╔══
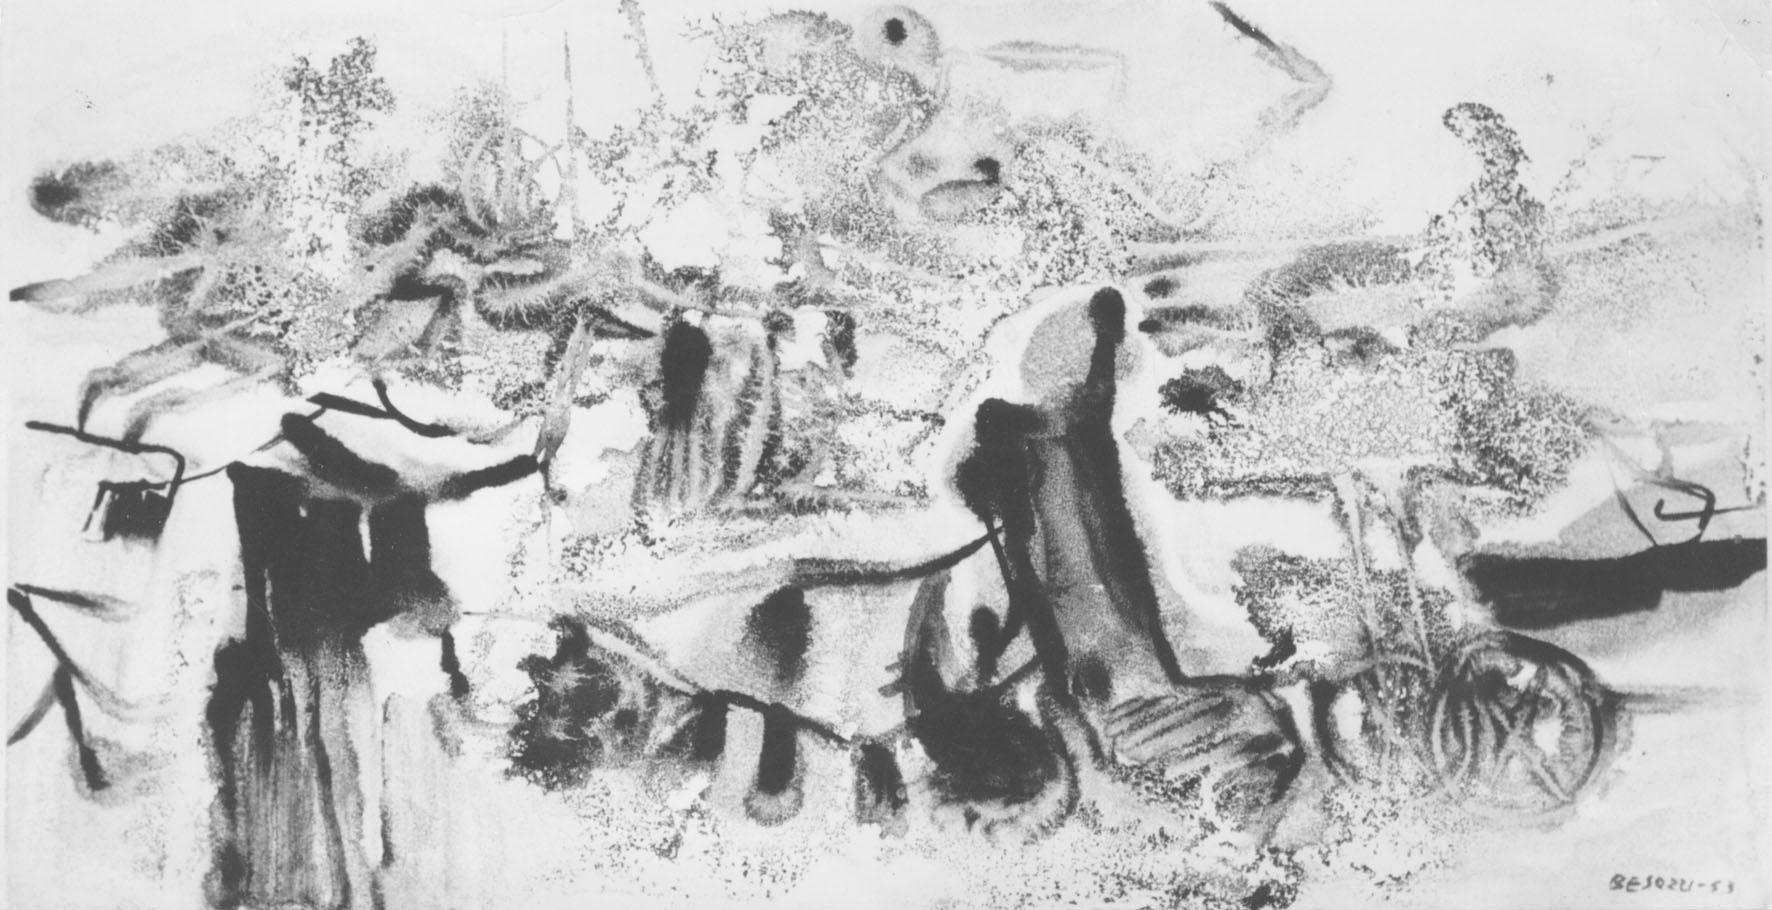 E. Besozzi pitt. 1963 Ricordi di viaggio china su carta arc. 814
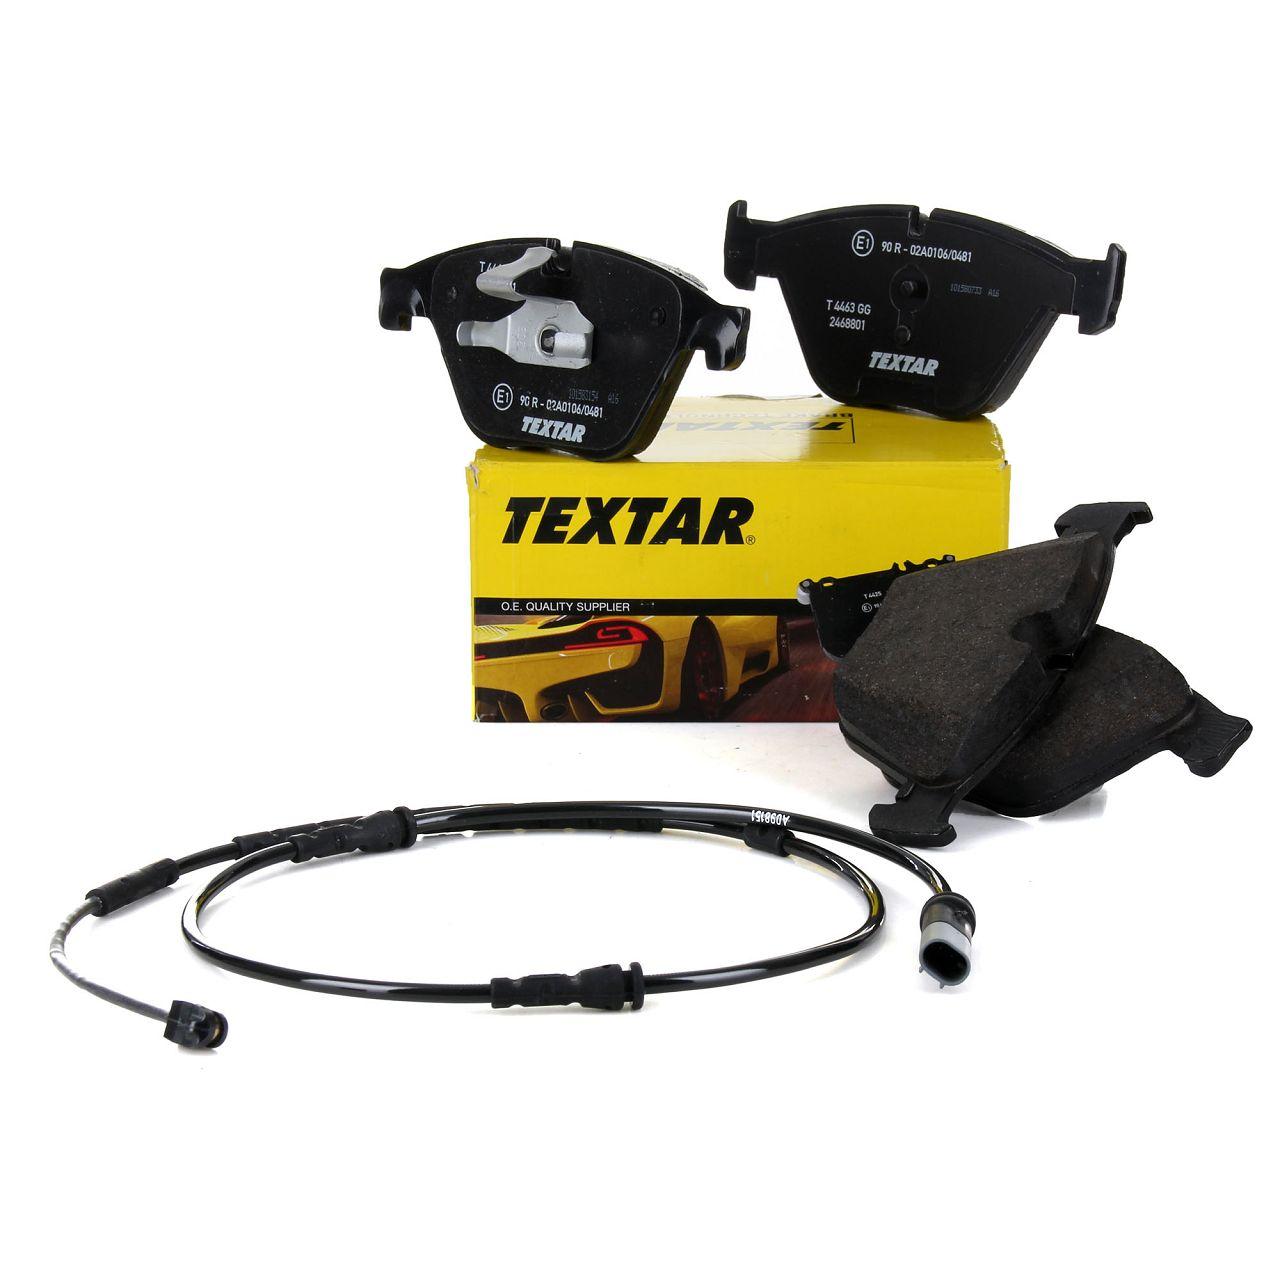 TEXTAR 2468801 Bremsbeläge + Wako BMW 5er F10 F11 528-535i 525d 530d 6er F06 640i vorne
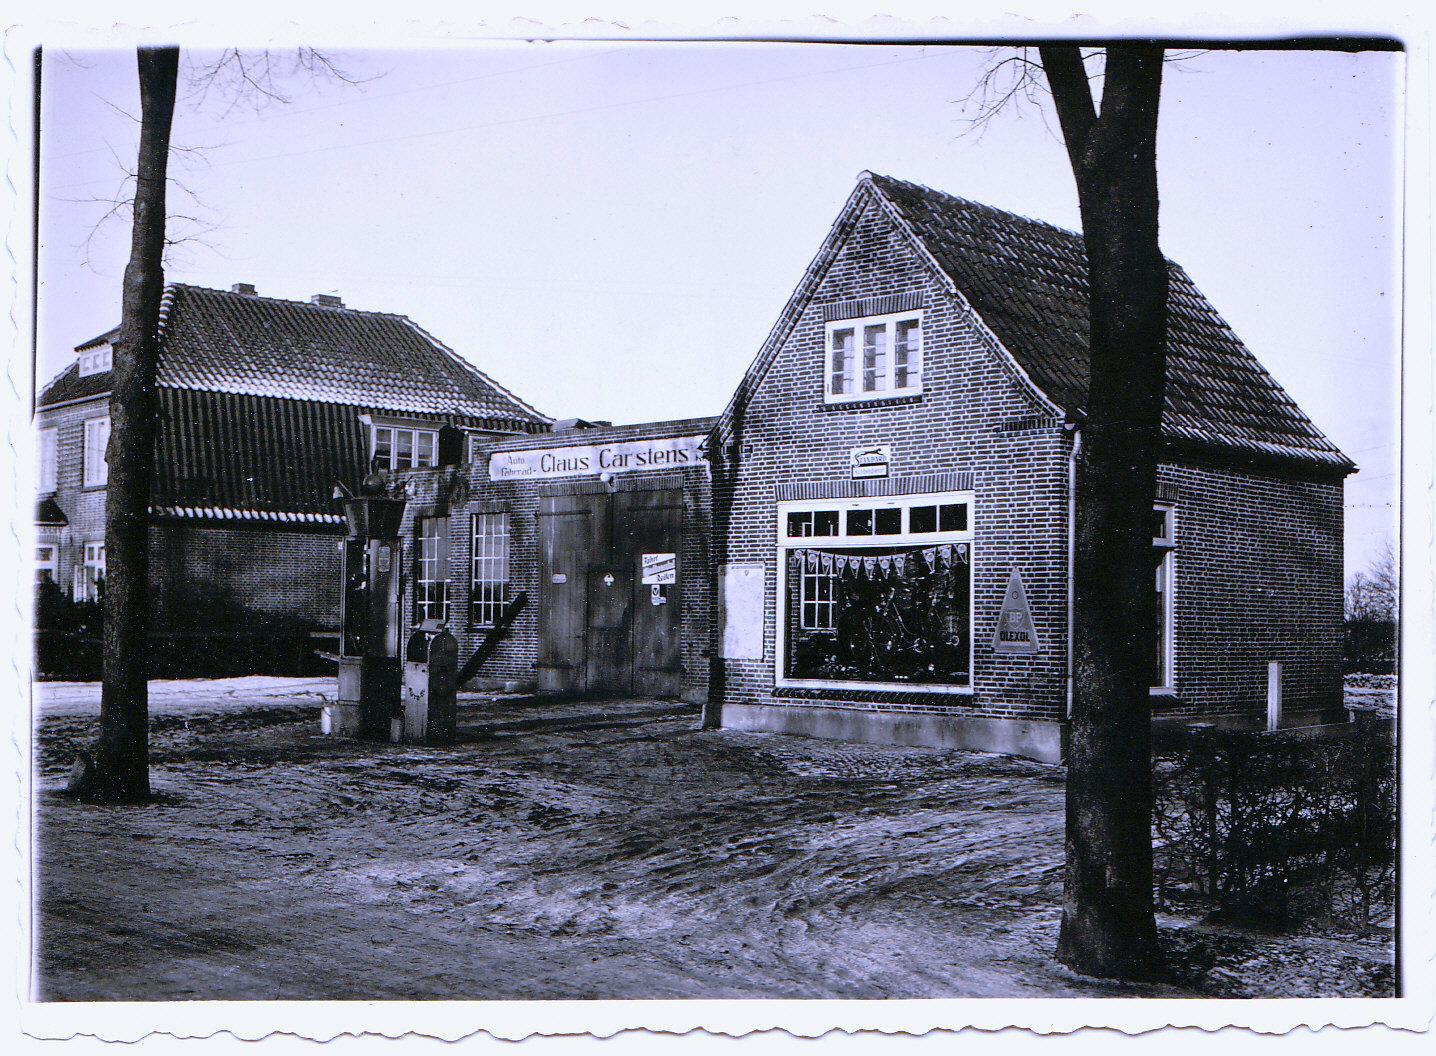 Claus Carstens cc-r 1938
╚══
Exercise description:
Write out the whole listing exactly. Pictures stay out.

Answer to this exercise:
 E. Besozzi pitt. 1963 Ricordi di viaggio china su carta arc. 814
 TEXTAR 2468801 Bremsbeläge + Wako BMW 5er F10 F11 528-535i 525d 530d 6er F06 640i vorne
 Claus Carstens cc-r 1938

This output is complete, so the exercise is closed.